Joke Collection Website - Cold jokes - Classical algorithm of data mining

Classical algorithm of data mining

1.C4.5: It is a classification decision tree algorithm in machine learning algorithm, and the core algorithm is ID3 algorithm.

2.K-means algorithm: It is a clustering algorithm.

3.SVM: A supervised learning method, which is widely used in statistical classification and regression analysis.

4.Apriori: It is the most influential algorithm for mining frequent itemsets of Boolean association rules.

5.EM: maximum expected value method.

6.pagerank: it is an important content of google algorithm.

7.Adaboost: This is an iterative algorithm. The core idea is to train different classifiers for the same training set, and then assemble the weak classifiers into a stronger final classifier.

8.KNN: This is a mature method in theory and one of the simplest machine learning methods.

9. Naive Bayes: Among many classification methods, decision tree model and Naive Bayes are the most widely used.

10.Cart: classification regression tree. There are two key ideas under the classification tree. The first is the idea of recursively dividing the independent variable space, and the second is pruning with verification data.

Association rule rule definition

Before describing some details about association rules, let's look at an interesting story: the story of diapers and beer.

In a supermarket, there is an interesting phenomenon: diapers and beer are sold together.

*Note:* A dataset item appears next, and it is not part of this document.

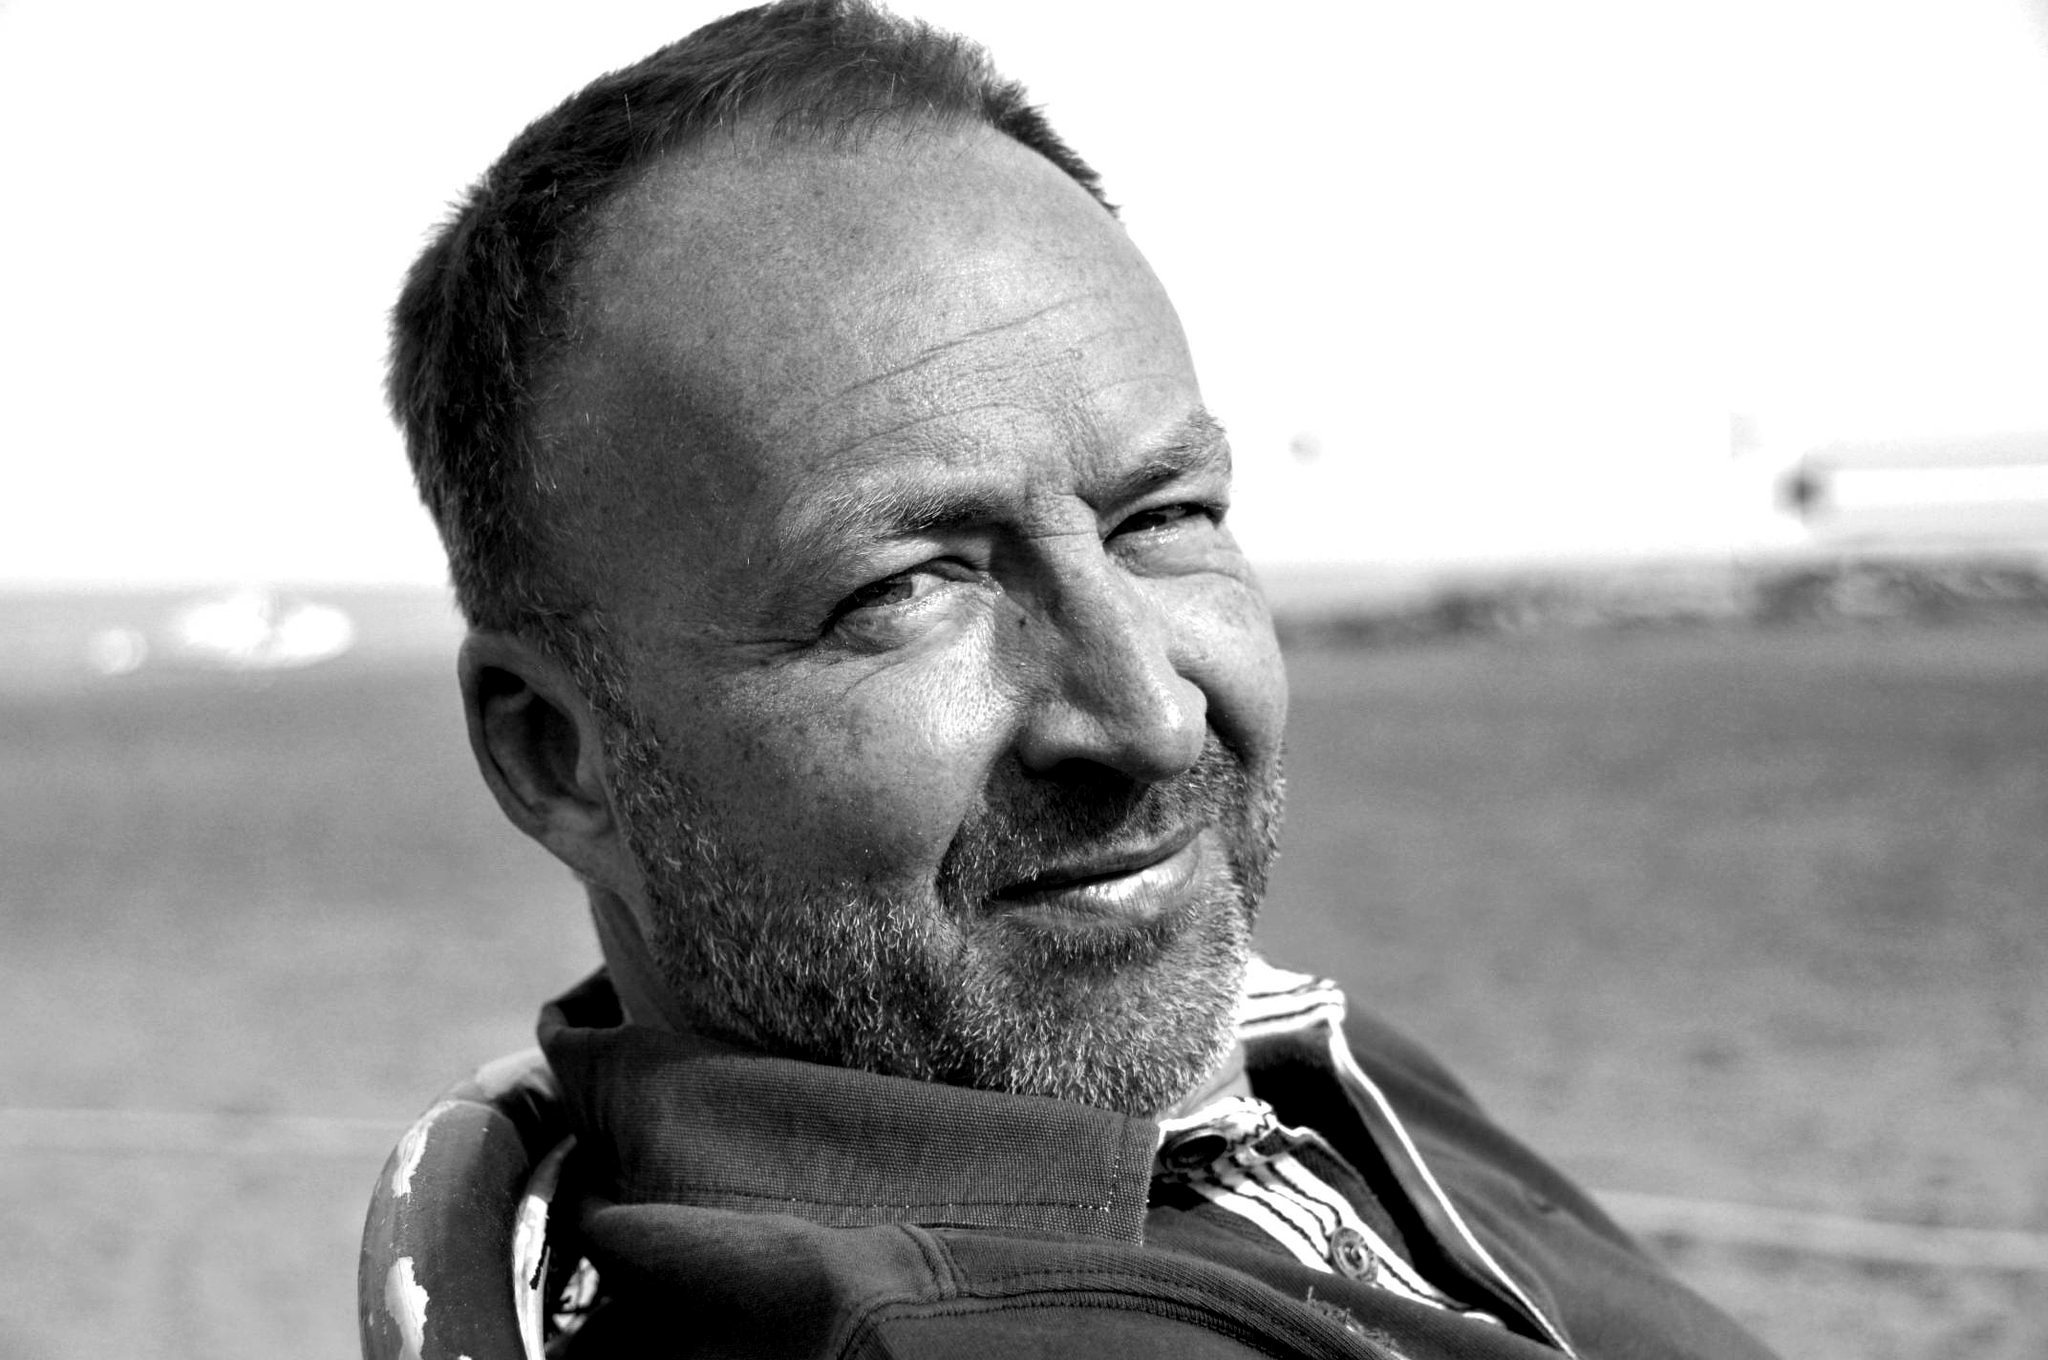 Björn Munkeby

But this strange move has increased the sales of diapers and beer. This is not a joke, but a real case of Wal-Mart supermarket chain in the United States, which has always been talked about by merchants. Wal-Mart has the largest data warehouse system in the world. In order to accurately understand customers' buying habits in their stores, Wal-Mart analyzes customers' shopping behavior and wants to know what products customers often buy together. Wal-Mart's data warehouse centralizes the detailed raw transaction data of its stores. On the basis of these original transaction data, Wal-Mart uses data mining methods to analyze and mine these data. An unexpected discovery is that beer is the most purchased commodity with diapers! After a lot of practical investigation and analysis, it reveals an American behavior pattern hiding behind diapers and beer: in the United States, some young fathers often go to the supermarket to buy baby diapers after work, and 30% ~ 40% of them will also buy some beer for themselves. The reason for this phenomenon is that American wives often tell their husbands to buy diapers for their children after work, and husbands will bring back their favorite beer after buying diapers.

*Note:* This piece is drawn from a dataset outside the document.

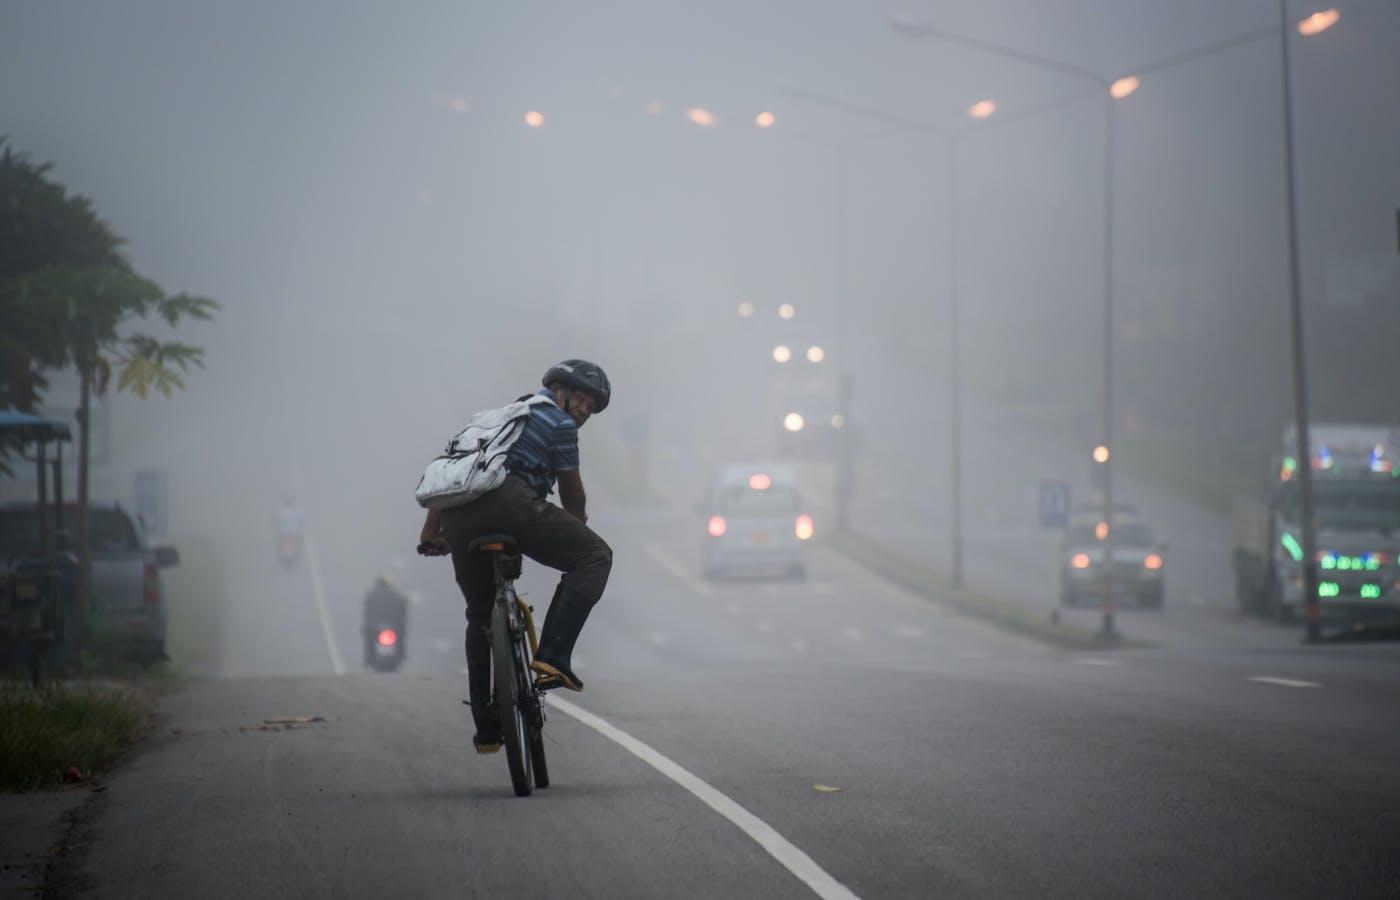 Biking related image

According to conventional thinking, diapers have nothing to do with beer. If we don't use data mining technology to mine and analyze a large number of transaction data, it is impossible for Wal-Mart to discover this valuable law inside the data.

Data association is an important discovery knowledge in database. If there is some regularity between the values of two or more variables, it is called correlation. Correlation can be divided into simple correlation, time series correlation and causal correlation. The purpose of association analysis is to find out the hidden association network in the database. Sometimes we don't know the correlation function of the data in the database, and even if we do, it is uncertain, so the rules generated by correlation analysis are credible. Association rule mining finds interesting associations or related relationships between itemsets in a large number of data. Agrawal is equal to 1993. Firstly, the problem of mining association rules between itemsets in customer transaction database is proposed. Later, many researchers did a lot of research on mining association rules. Their work includes optimizing the original algorithm, such as introducing random sampling and parallel thinking to improve the efficiency of algorithm mining rules; Popularize the application of association rules. Mining association rules is an important topic in data mining, which has been widely studied by the industry in recent years.